• Dataset content:
####

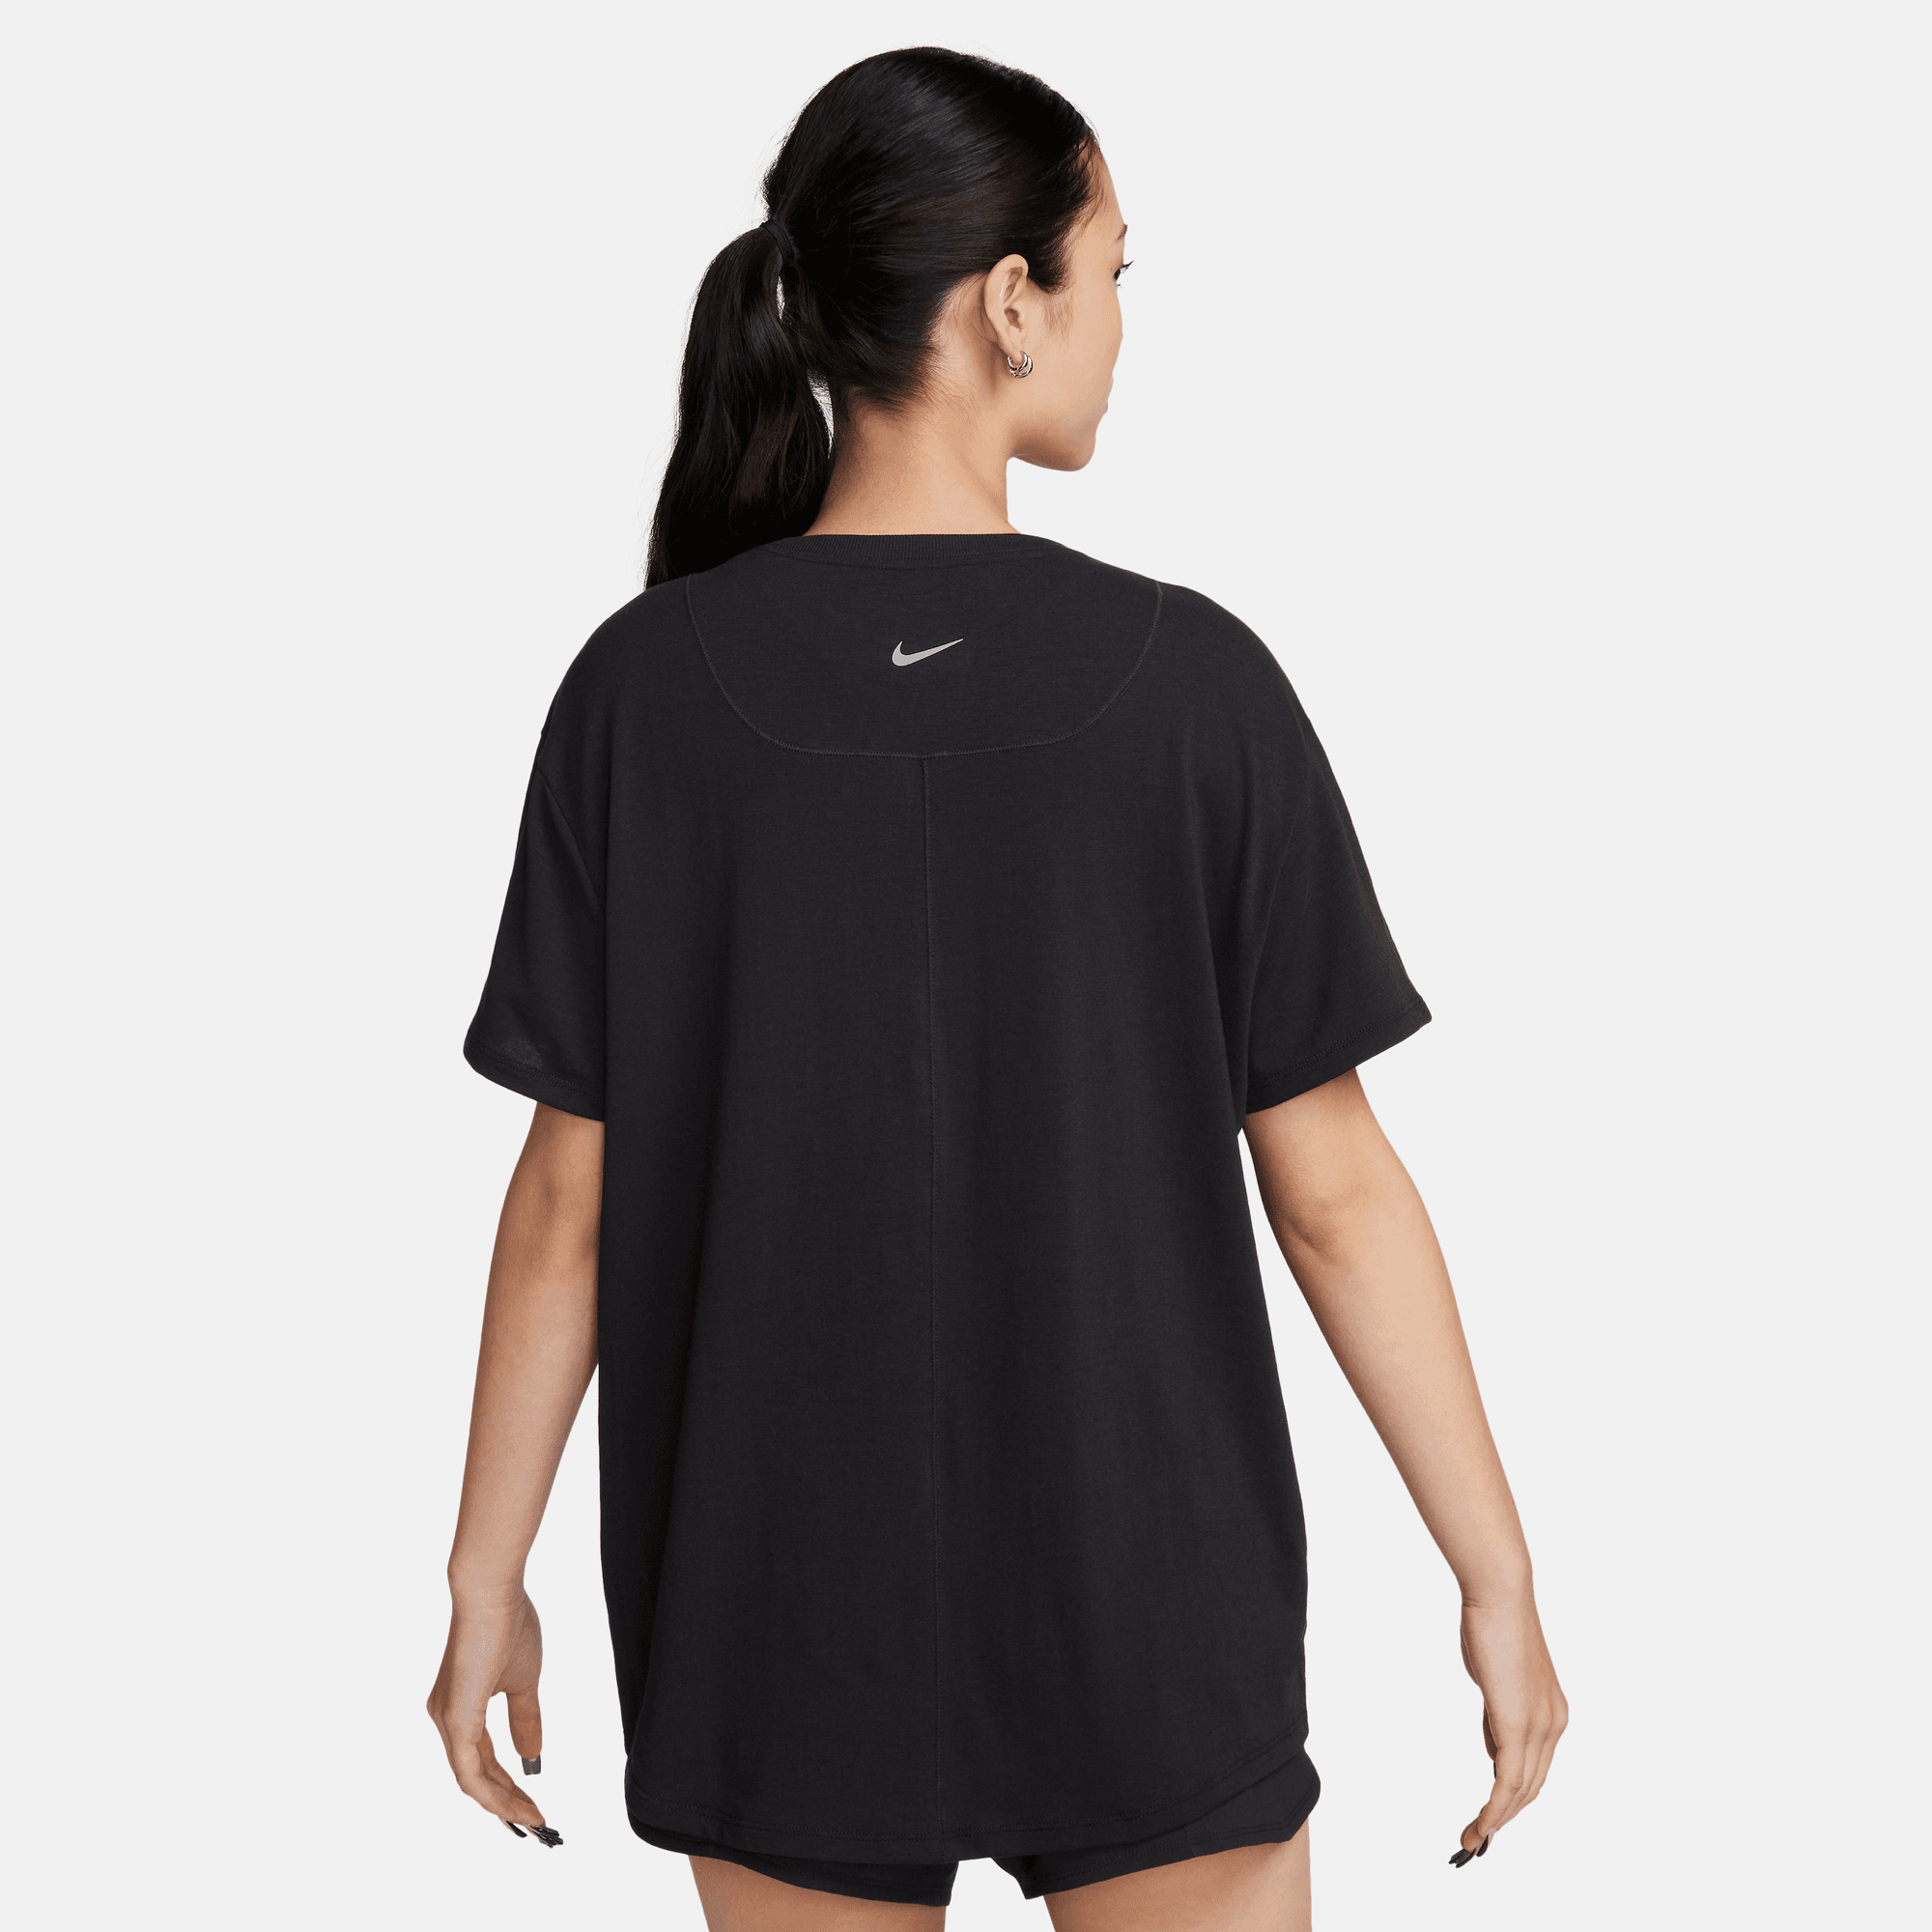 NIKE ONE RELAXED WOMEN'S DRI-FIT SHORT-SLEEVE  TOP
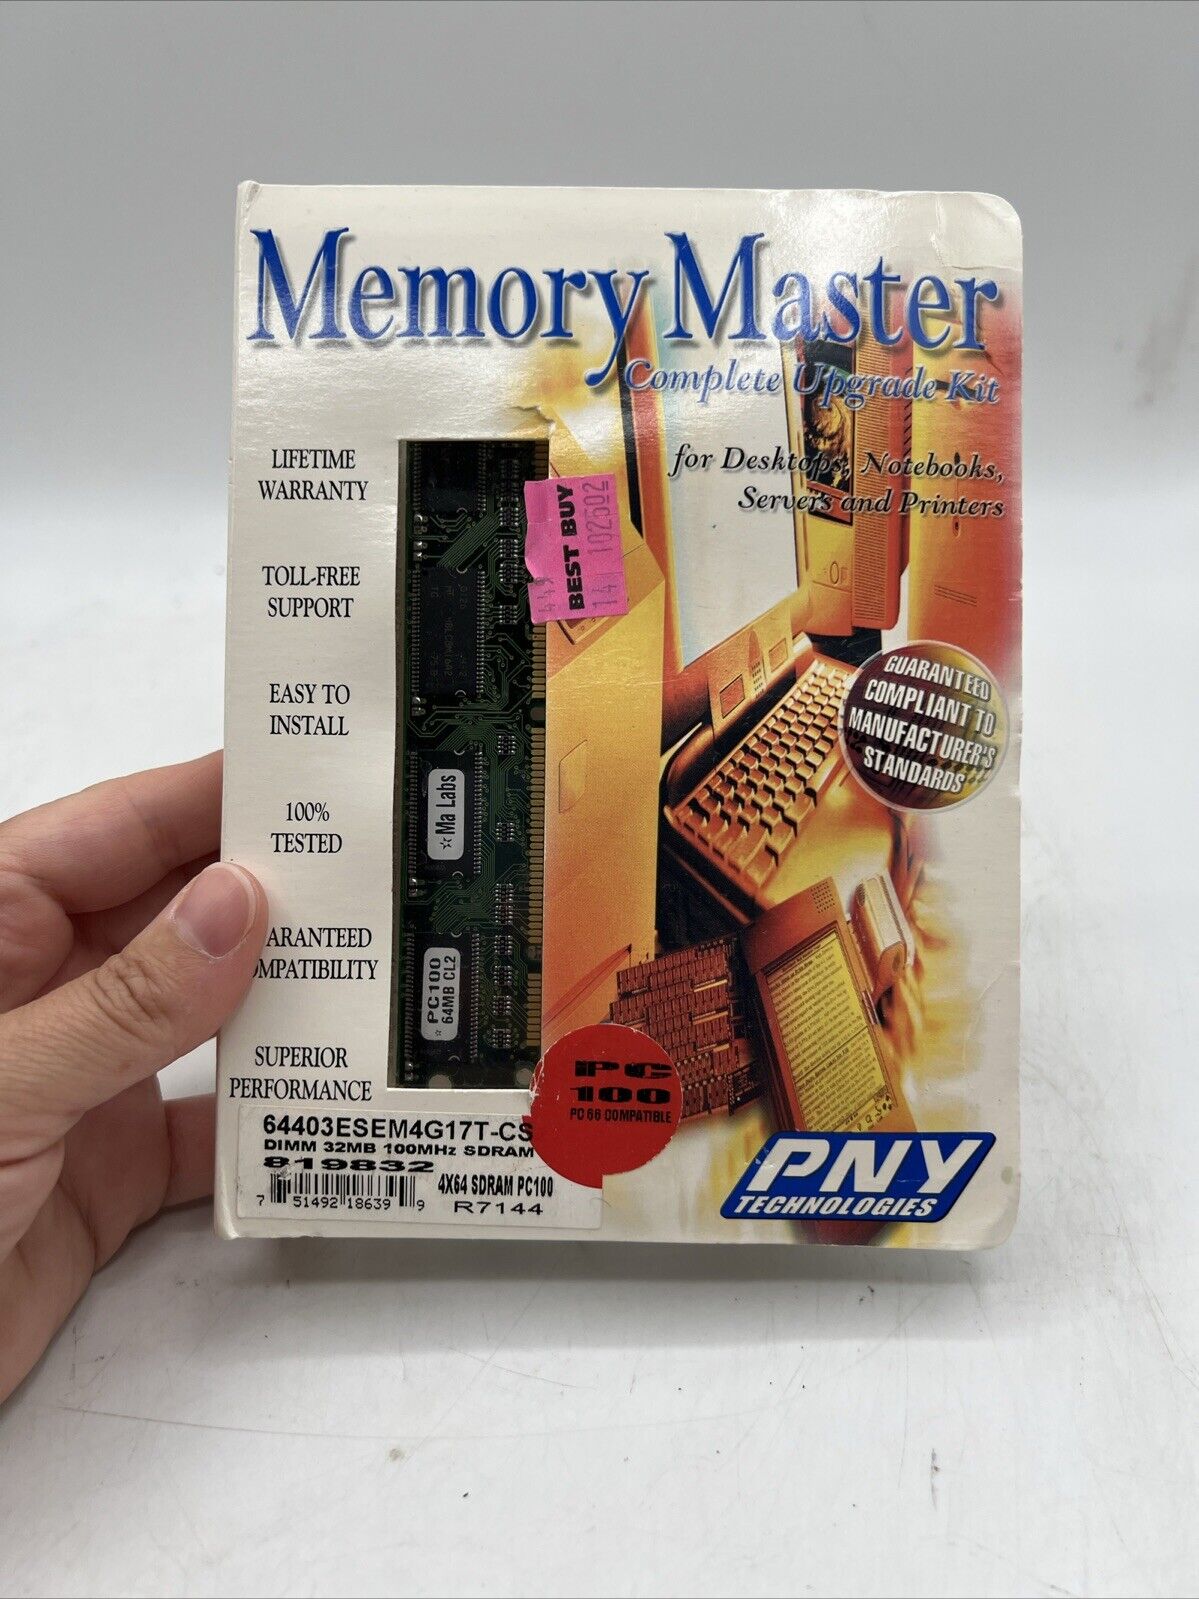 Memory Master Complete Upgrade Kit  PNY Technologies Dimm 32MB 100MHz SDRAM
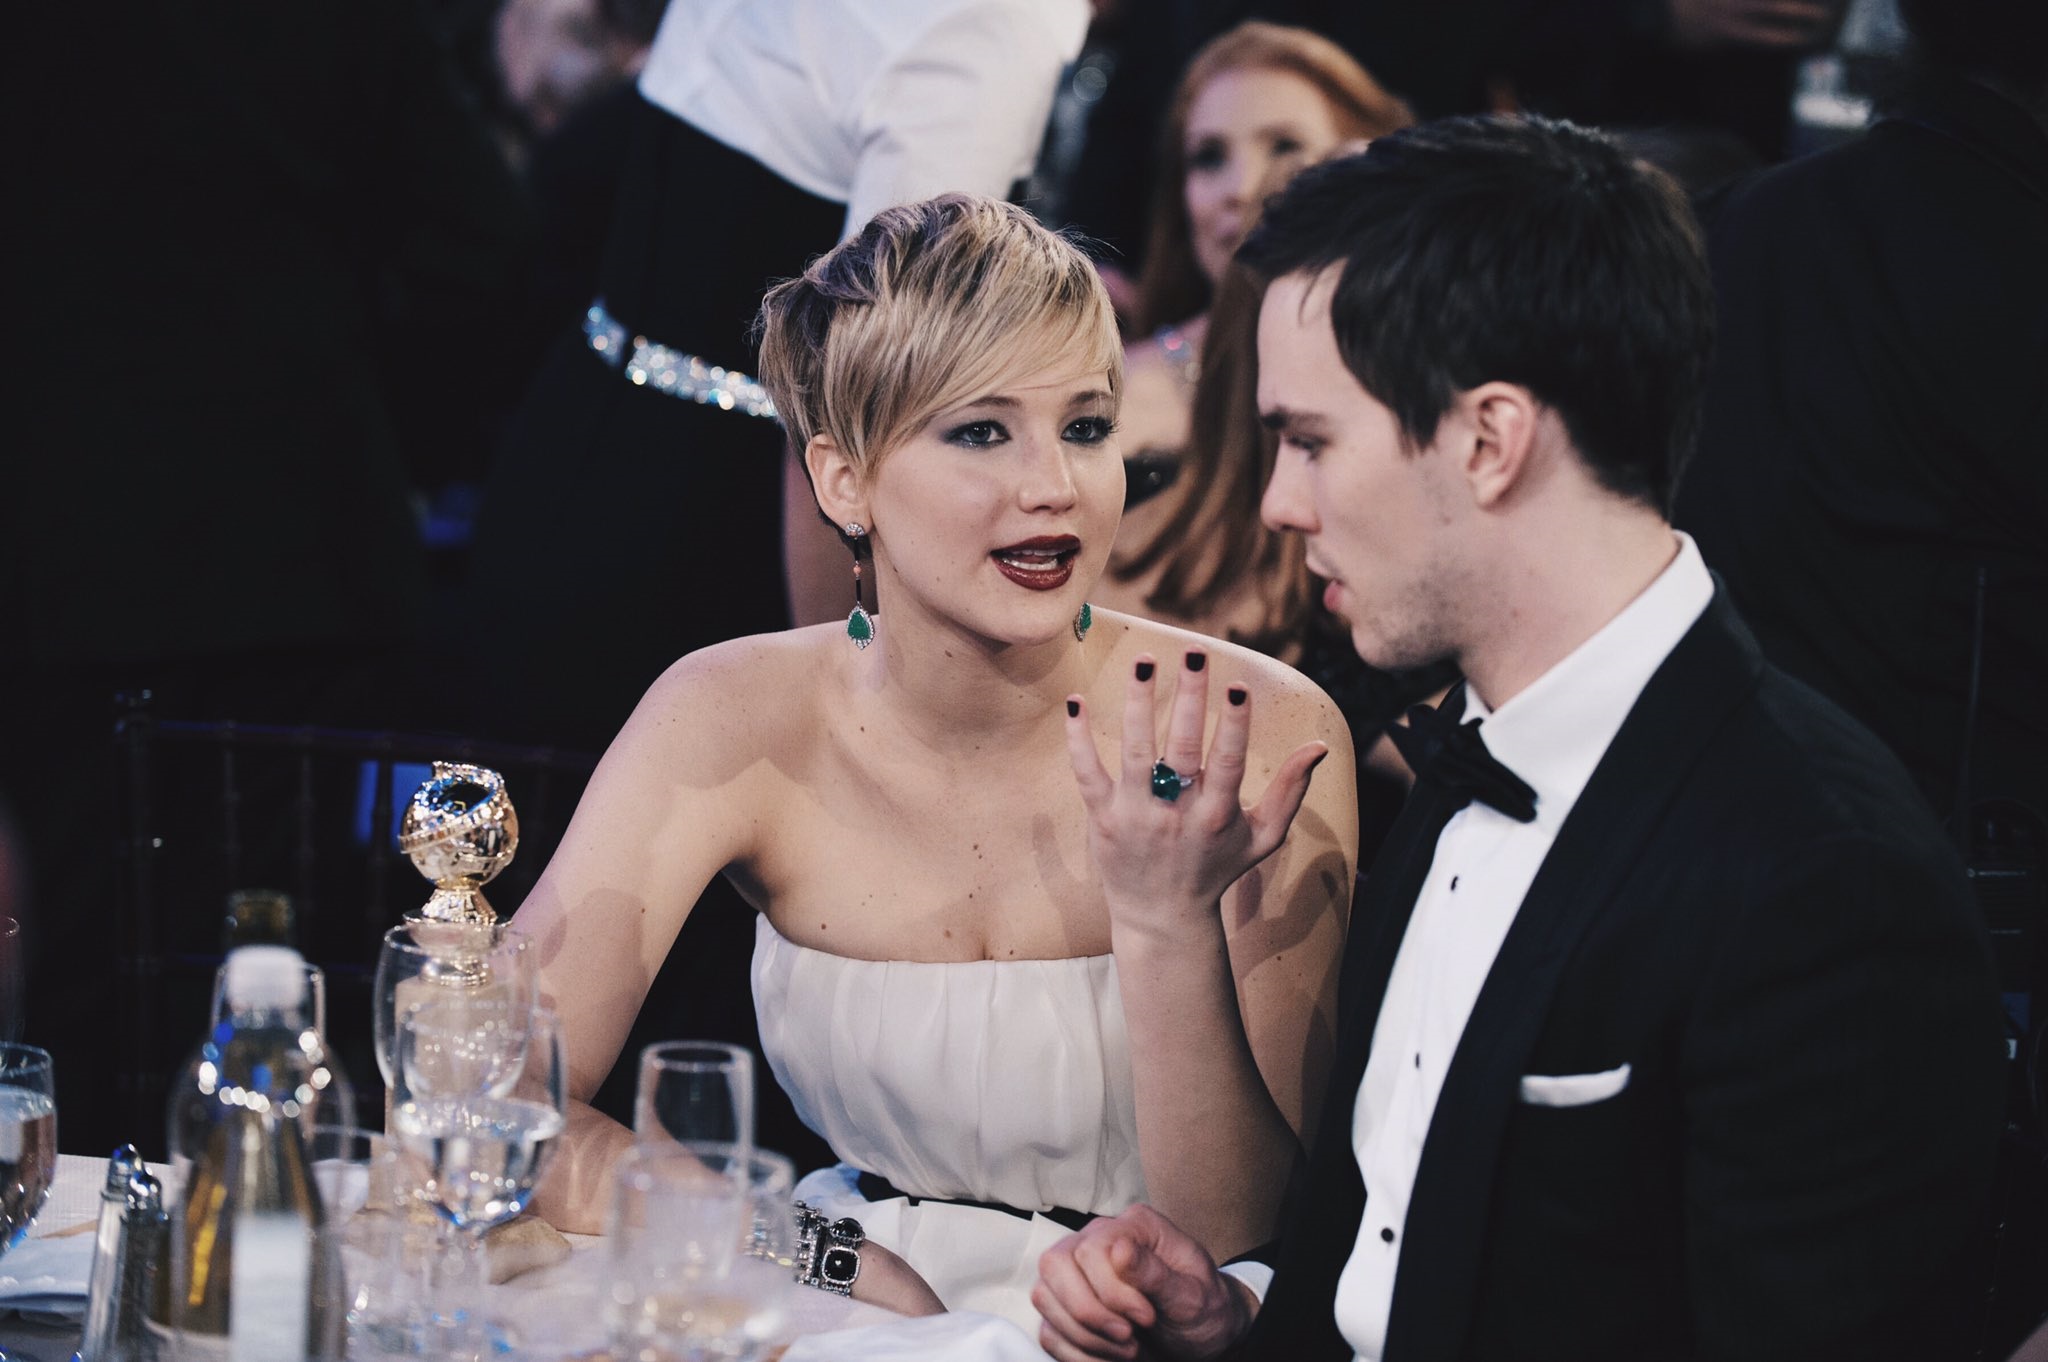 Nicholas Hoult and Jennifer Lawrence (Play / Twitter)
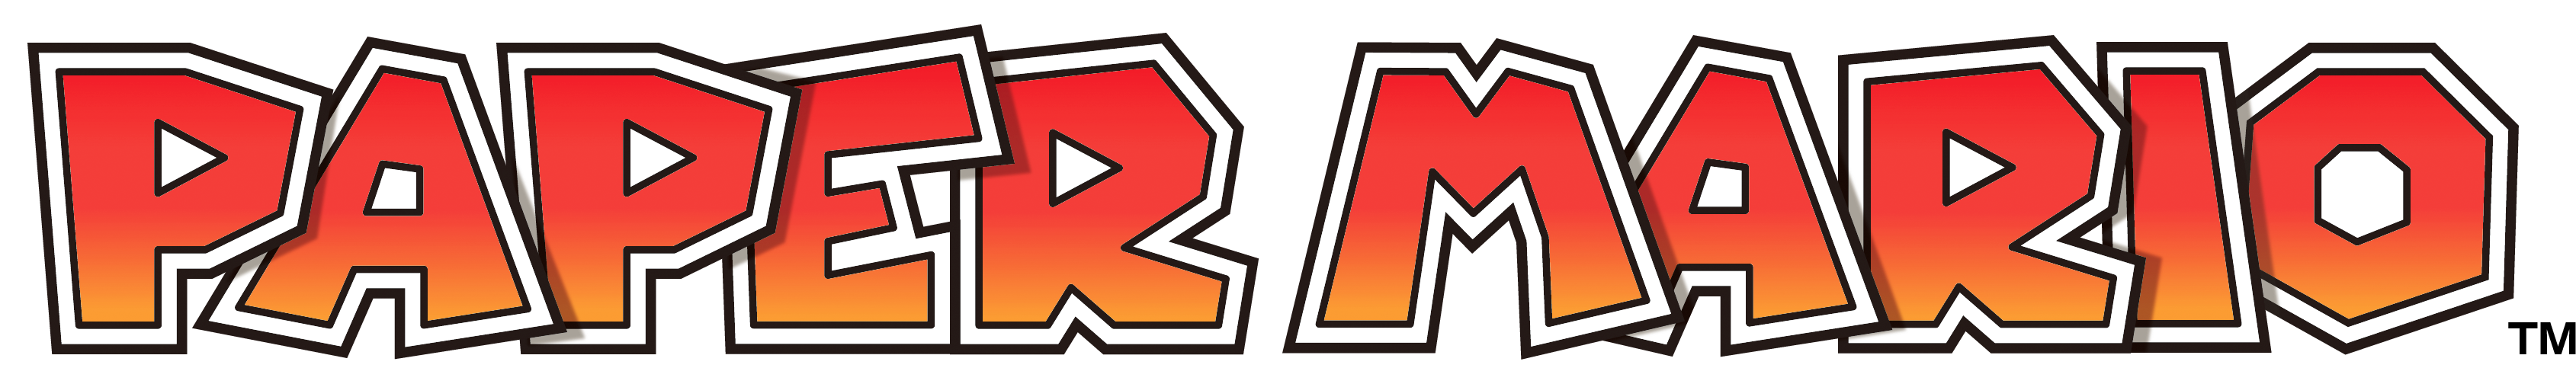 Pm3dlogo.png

####

• Exercise description: Apart from the images, print all the material above exactly as given.

• Solution for this exercise:
 NIKE ONE RELAXED WOMEN'S DRI-FIT SHORT-SLEEVE  TOP
 Memory Master Complete Upgrade Kit  PNY Technologies Dimm 32MB 100MHz SDRAM
 Nicholas Hoult and Jennifer Lawrence (Play / Twitter)
 Pm3dlogo.png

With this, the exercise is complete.